Because most diamond blades get "dinged" by banging against another instrument during surgery, you'll reduce the chances of that happening by using fixation rings and sideport
fixators. These are "complementary" instruments that keep diamond blades from being damaged.
Diamond blade manufacturers are eager to help you use their blades in a cost-effective manner. Ask your blade manufacturer to send a representative to observe your surgical and blade care procedures. This trained observer can point out anything you or your staff is doing that presents a hazard to your blade. "If you're a left-handed surgeon, we can tell you specifically how you're likely to damage a blade, and we can do the same thing for a right-handed surgeon," says Ron Dykes, president of blade manufacturer
Just before going on vacation, send your diamond blades to the manufacturer for inspection. What you think might be damage may just be a blade in need of a thorough cleaning or a routine
rehoning. Manufacturers provide quick turnaround and will have the blades back to you in a few days.
If you're sharing blades with other surgeons, you must take special precautions. Limit the number of people who can handle the blades and make one tech responsible for proper blade cleaning. In blade-sharing situations, education and enforcing strict rules are the keys to avoiding blade damage. Here again, ask the blade manufacturer to come in and make recommendations for protecting the blades.

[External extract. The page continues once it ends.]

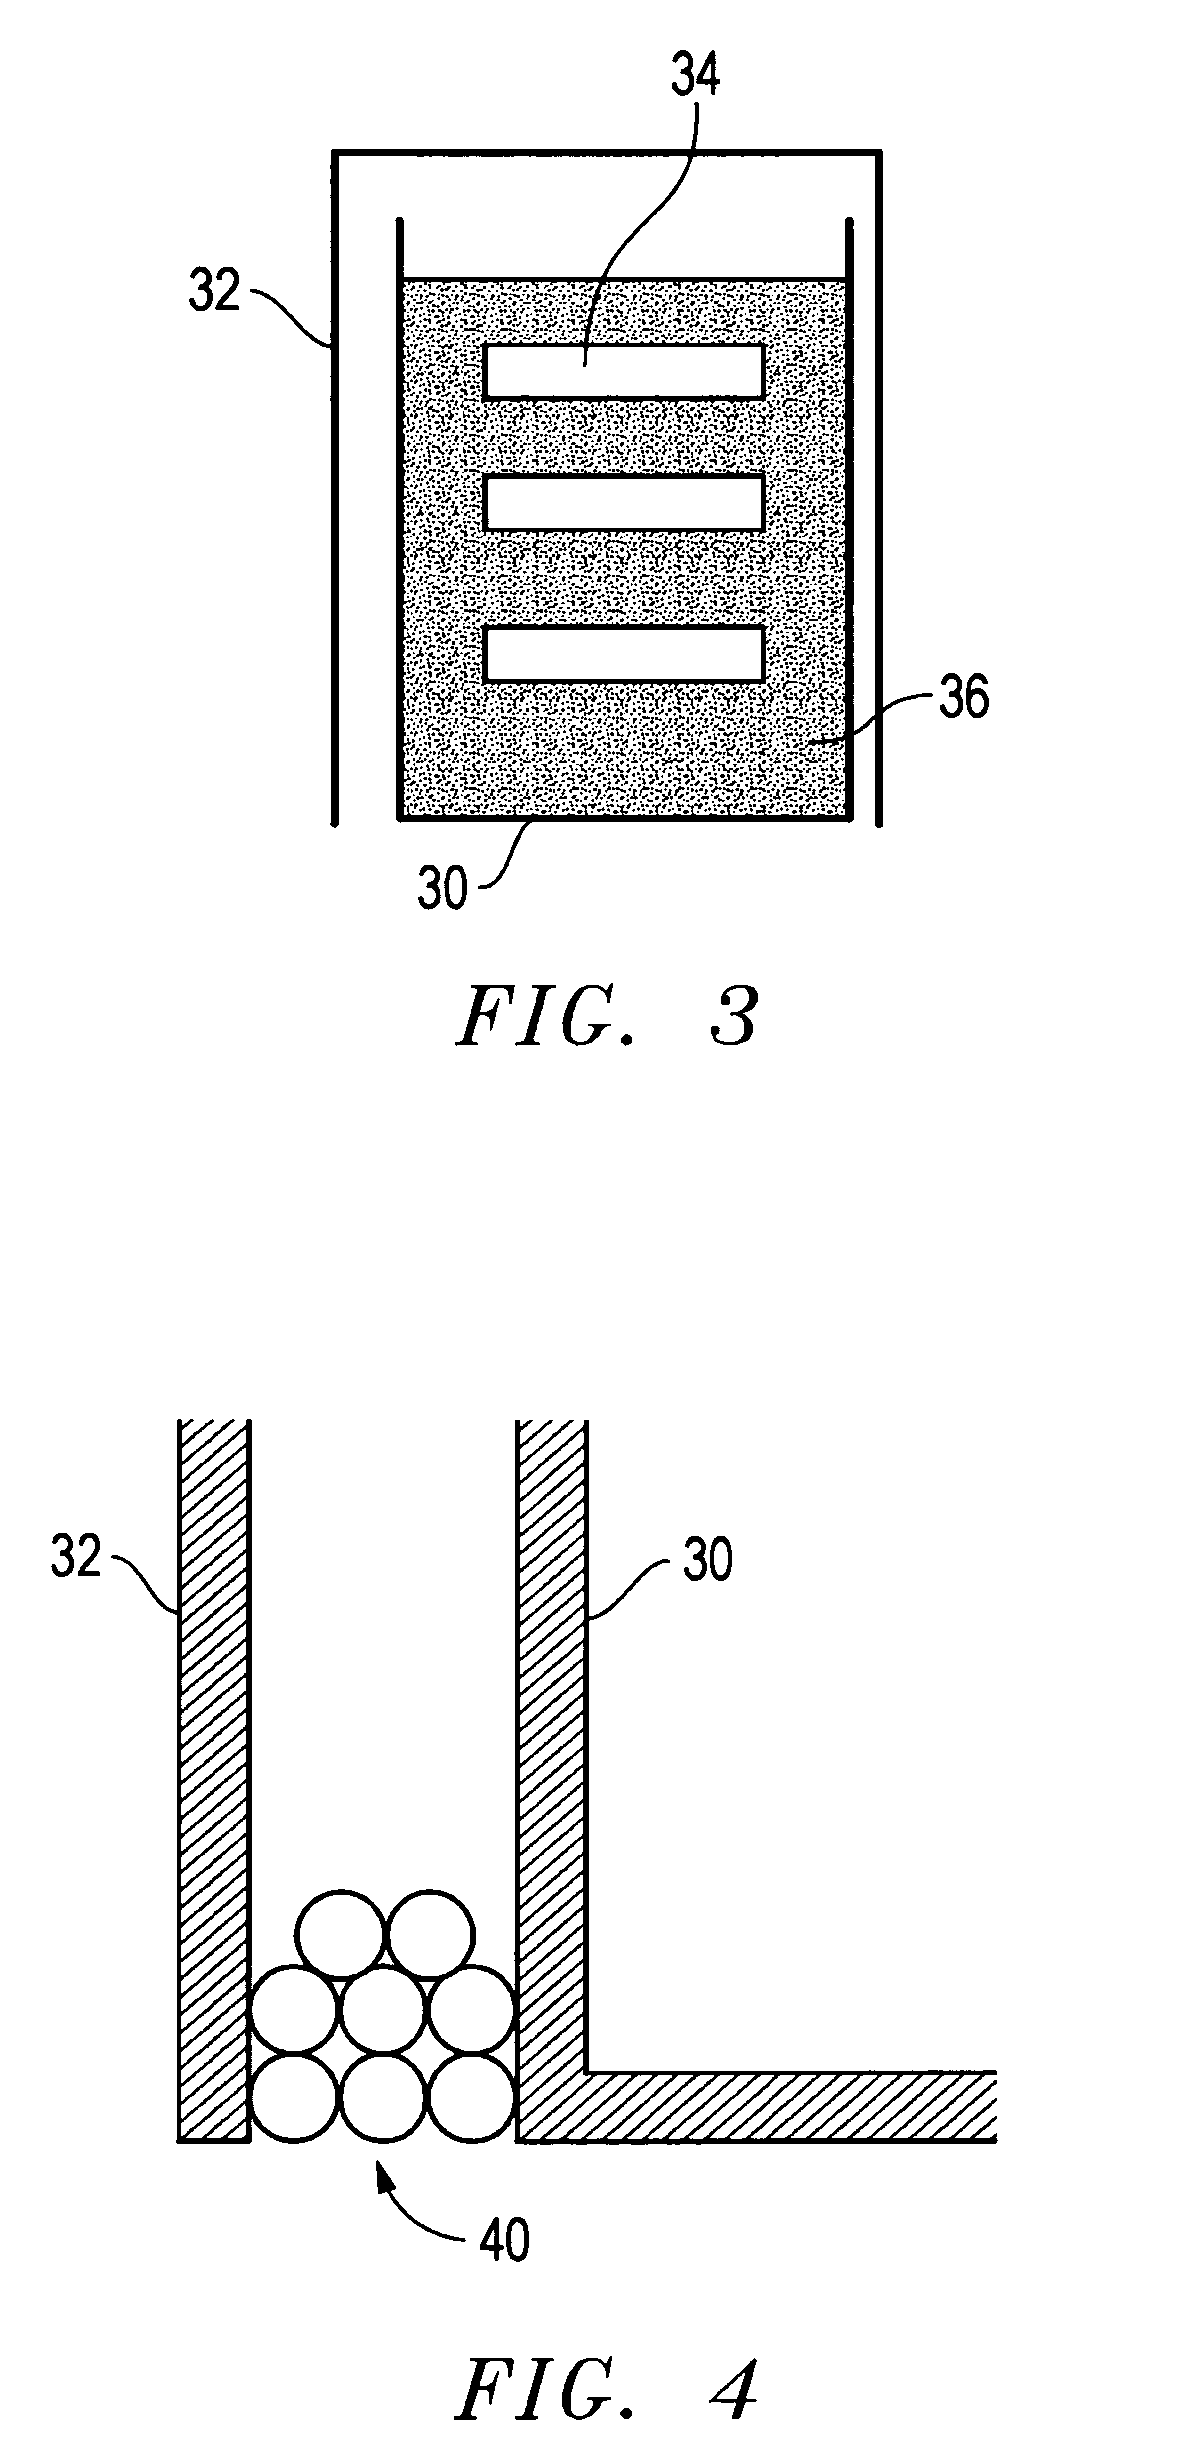 Zirconia toughened alumina ESD safe ceramic composition, component, and methods for making same

No one has come up with a single "right way" to clean diamond blades. Richard
Ruckman, M.D., suggests making one person responsible for blade care. He recommends rinsing the blade in distilled water immediately after each use, then filling your ultrasound unit with ammoniated jewelry cleaner and giving the blade a 30-second bath under low power. Then rinse the blade again in distilled water and use a high-pressure steam cleaner to remove residual protein. Finally, follow standard disinfecting and sterilization procedures.
Rhein Medical is now offering an innovation for cleaning diamond (or any other) blades. It's a small tray that holds three pre-packaged pads. One pad contains a cleaning solution. The other two are soaked with de-ionized water and serve as rinses. Run the blade through the three pads in sequence and then sterilize the blade. John Bee of Rhein Medical says the easy-to-use cleaning system has been well-received by surgeons.
Take advantage of the blade care training sessions that are offered at the American Academy of Ophthalmology and American Society of Cataract and Refractive Surgery conventions, as well as at some smaller meetings. Whoever attends these sessions will be able to return to your surgical facility and teach the other staff members.
Once your blade care protocol is established, never deviate from it.